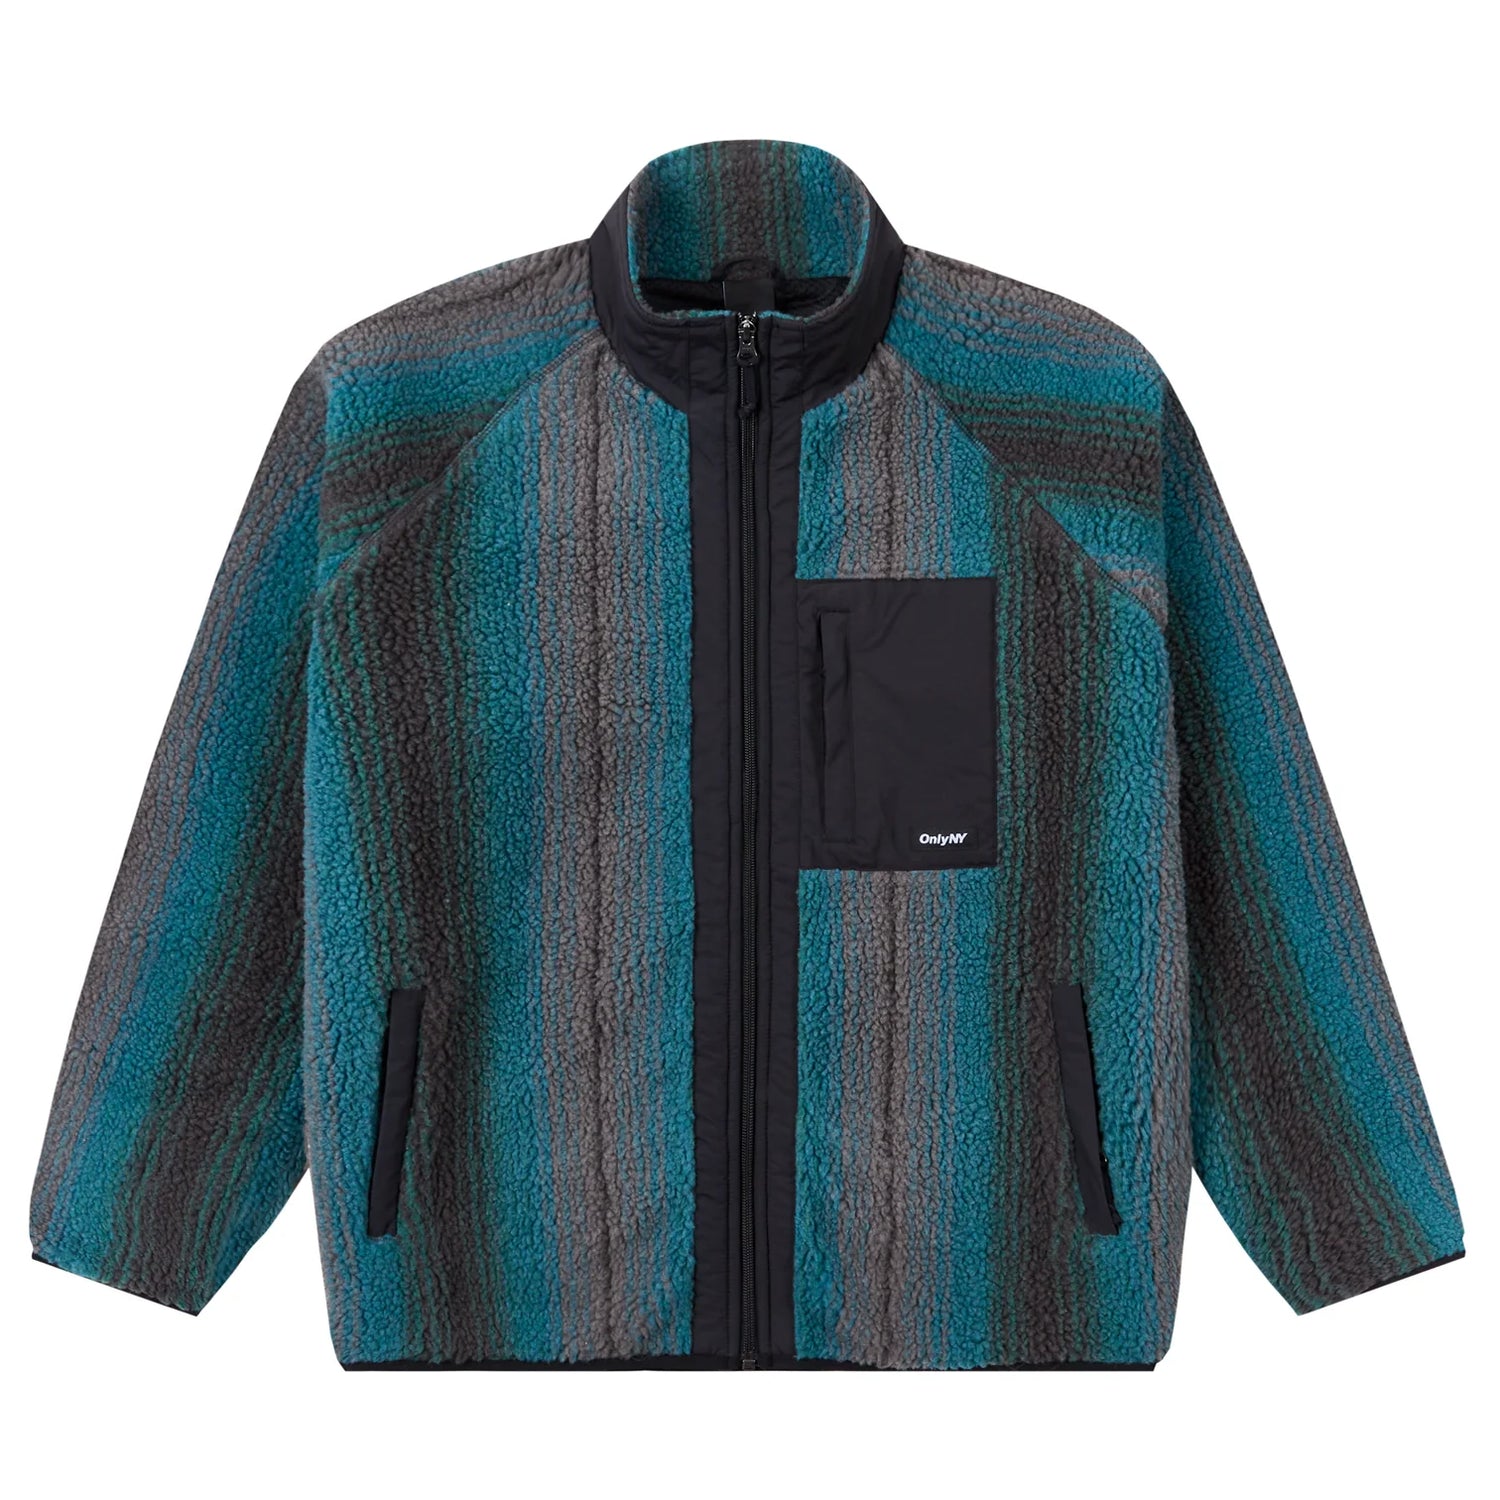 Only NY Radiant Stripe Fleece Jacket - Teal Multi
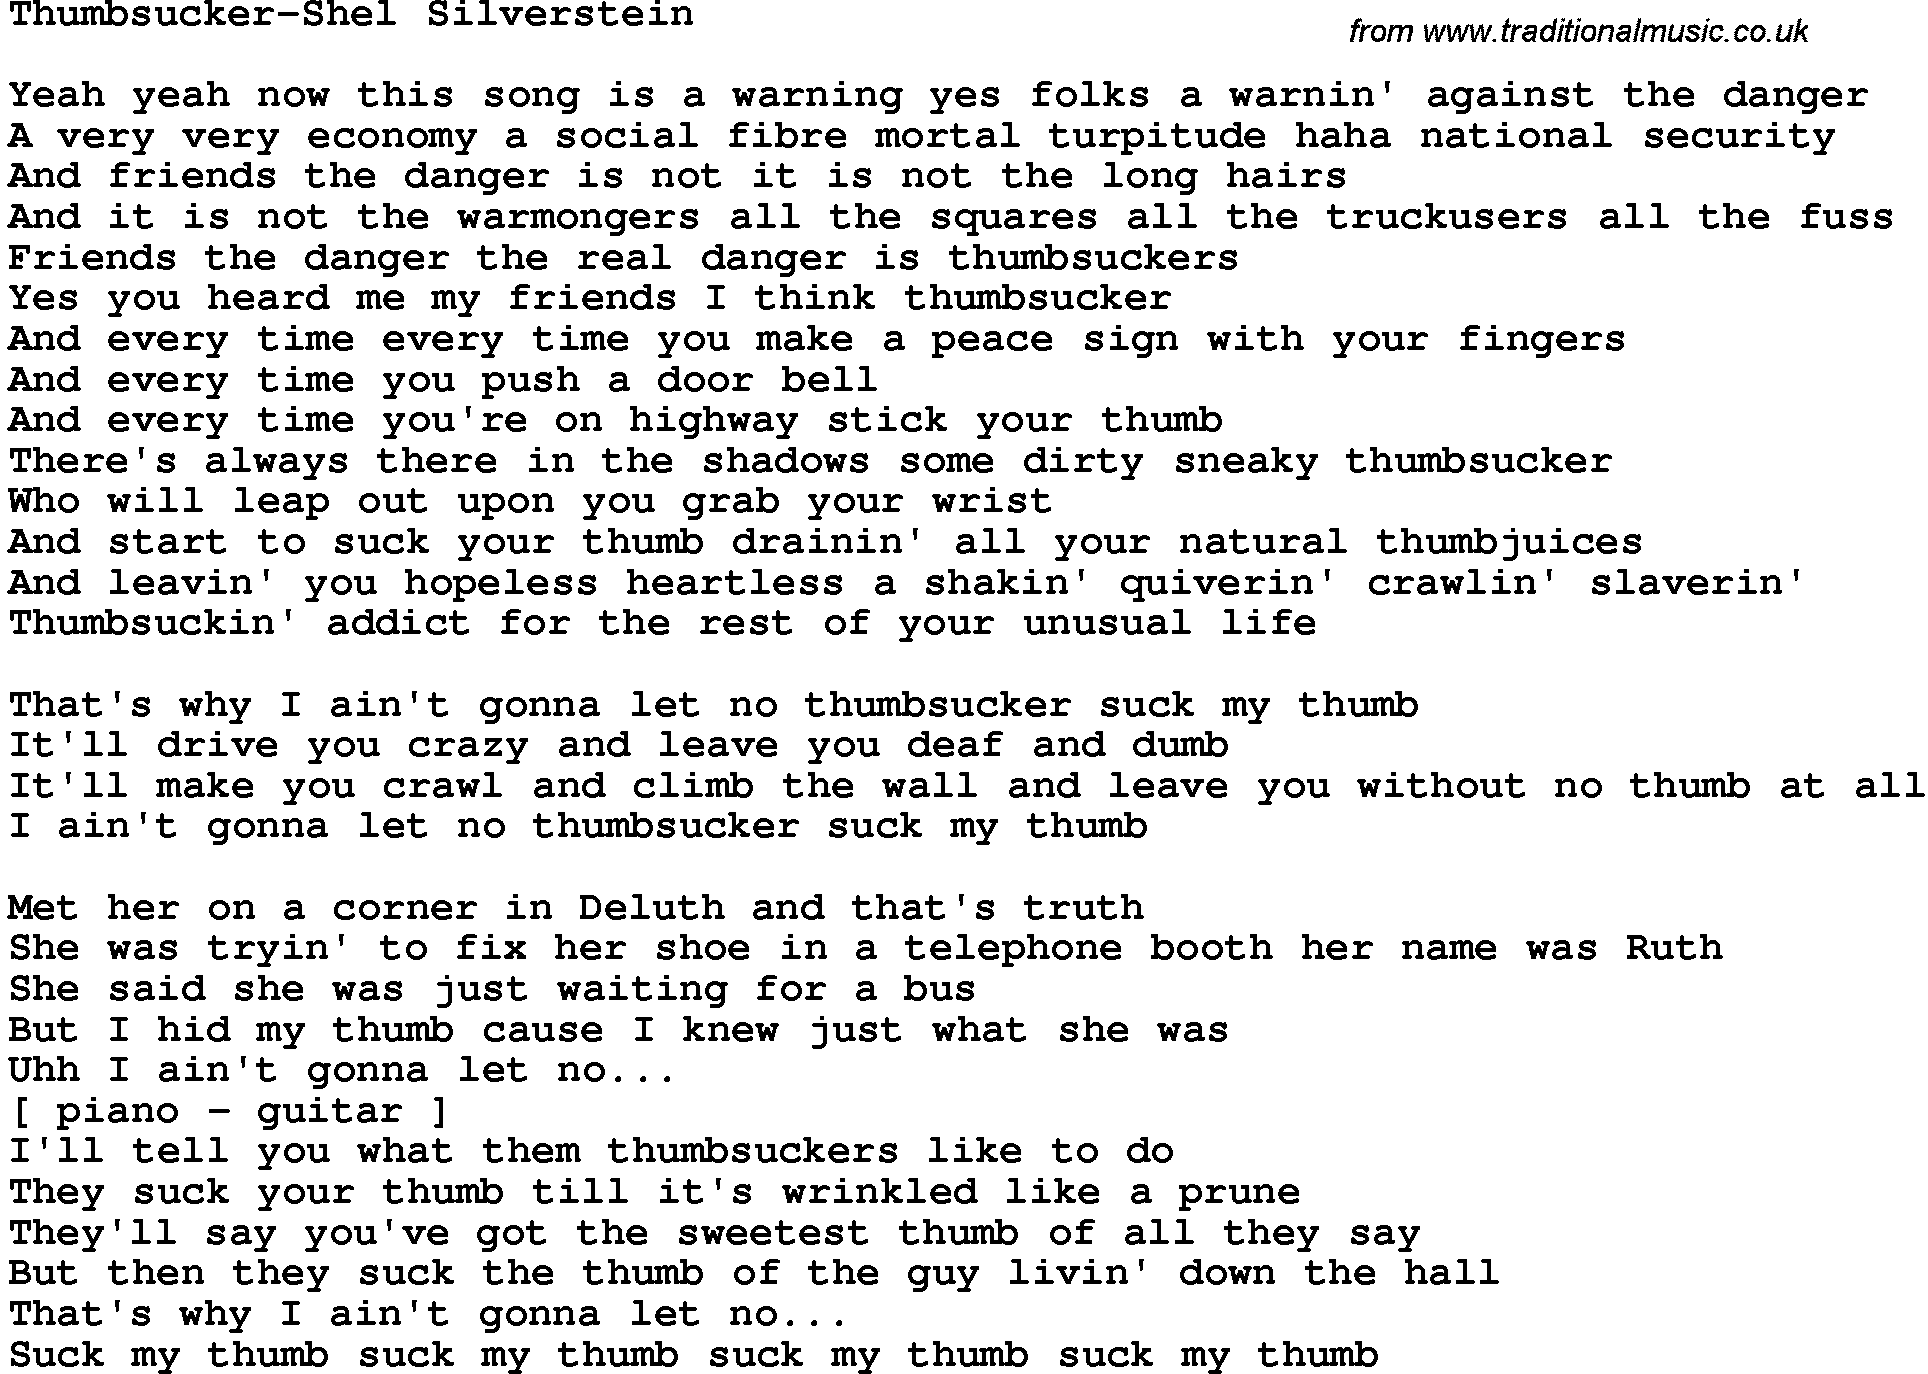 Novelty song: Thumbsucker-Shel Silverstein lyrics
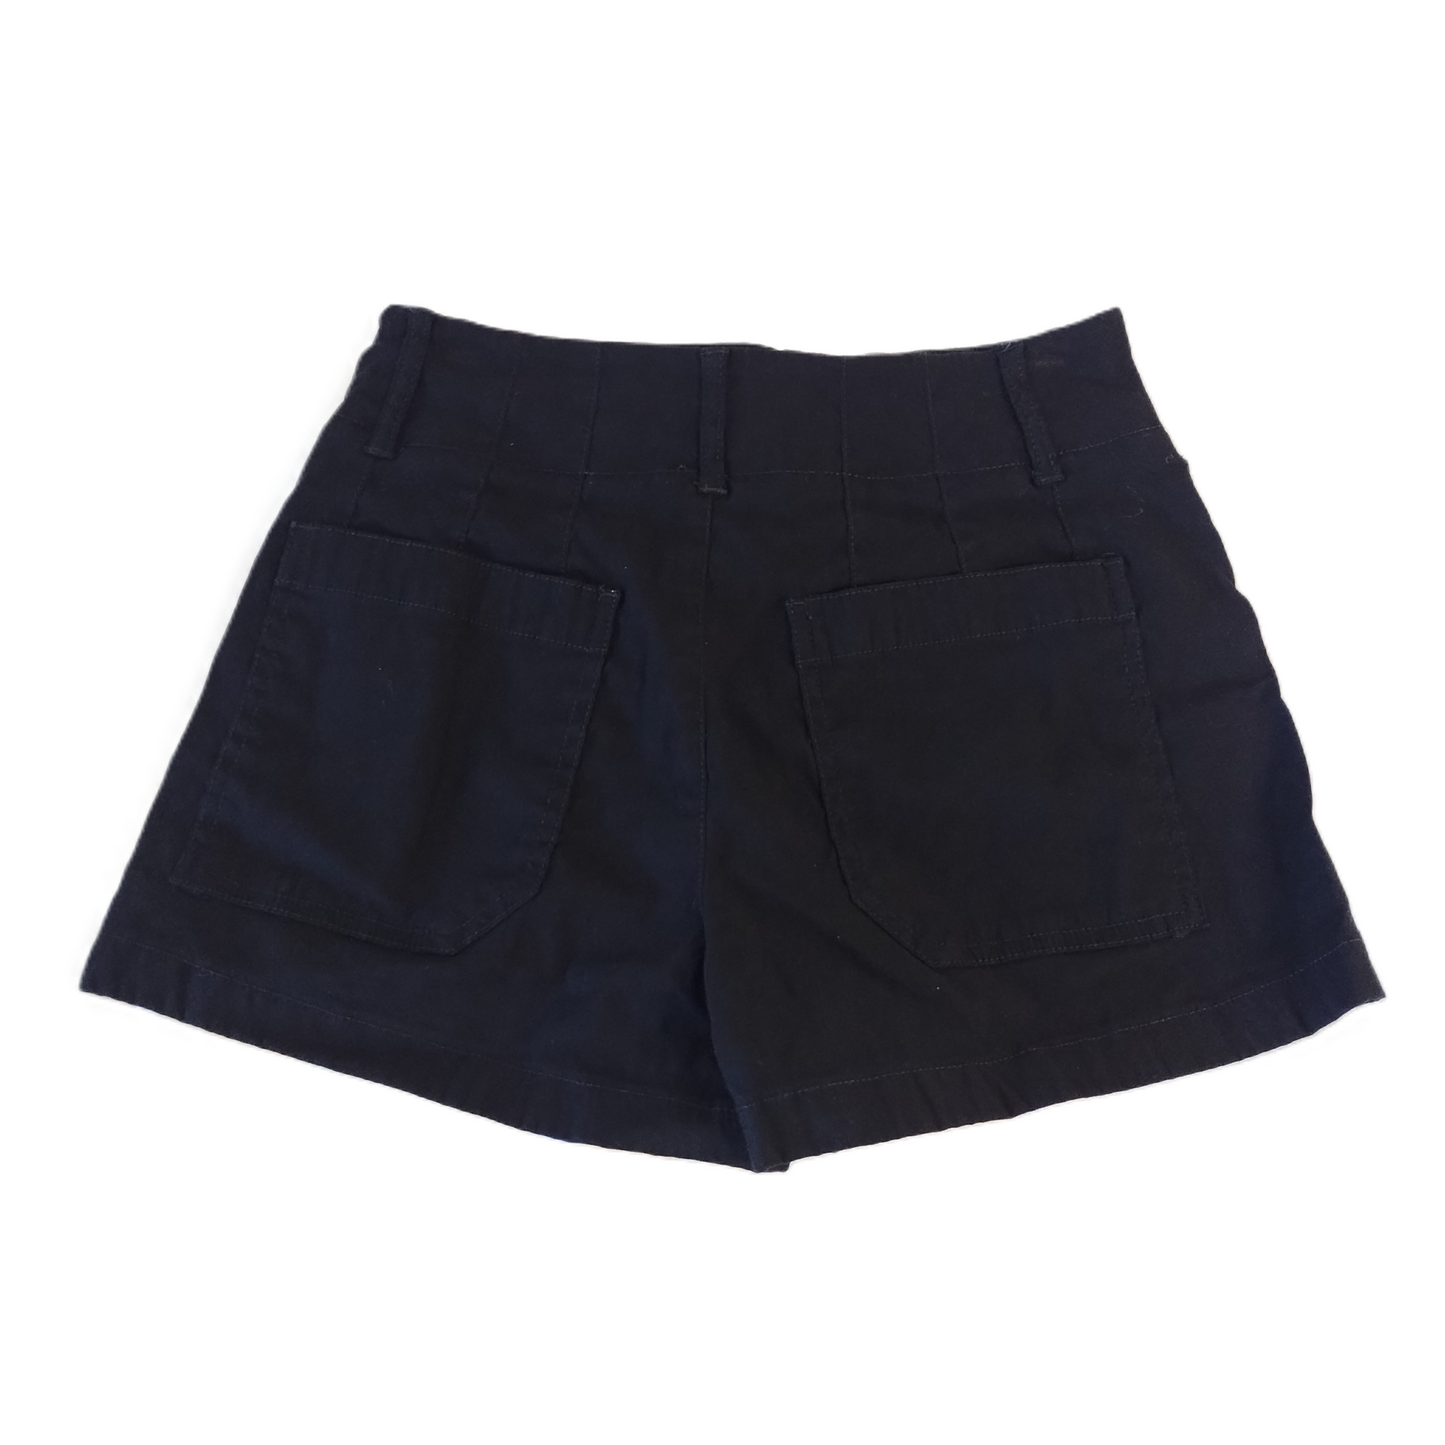 Black Shorts By Maeve, Size: 2
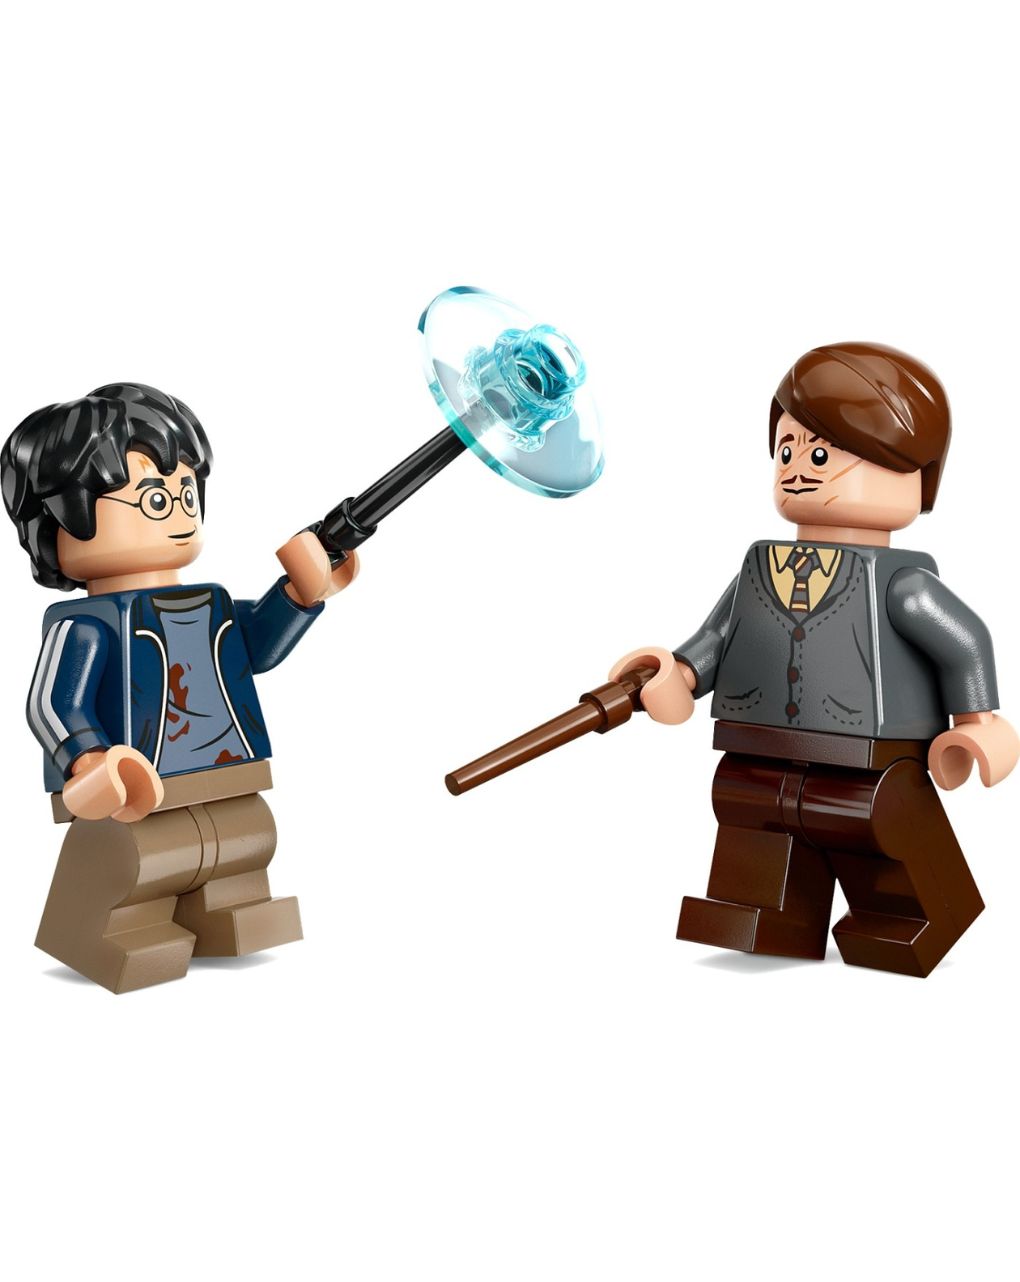 Lego harry potter expecto patronum 76414 - Lego, Lego Harry Potter

* * * * *

• [Exercise goal]
Give the data again exactly as written, with all pictures left out.

• [Completed task]
 Only NY Radiant Stripe Fleece Jacket - Teal Multi
 Novelty song: Thumbsucker-Shel Silverstein lyrics
 Black Shorts By Maeve, Size: 2
 Lego harry potter expecto patronum 76414 - Lego, Lego Harry Potter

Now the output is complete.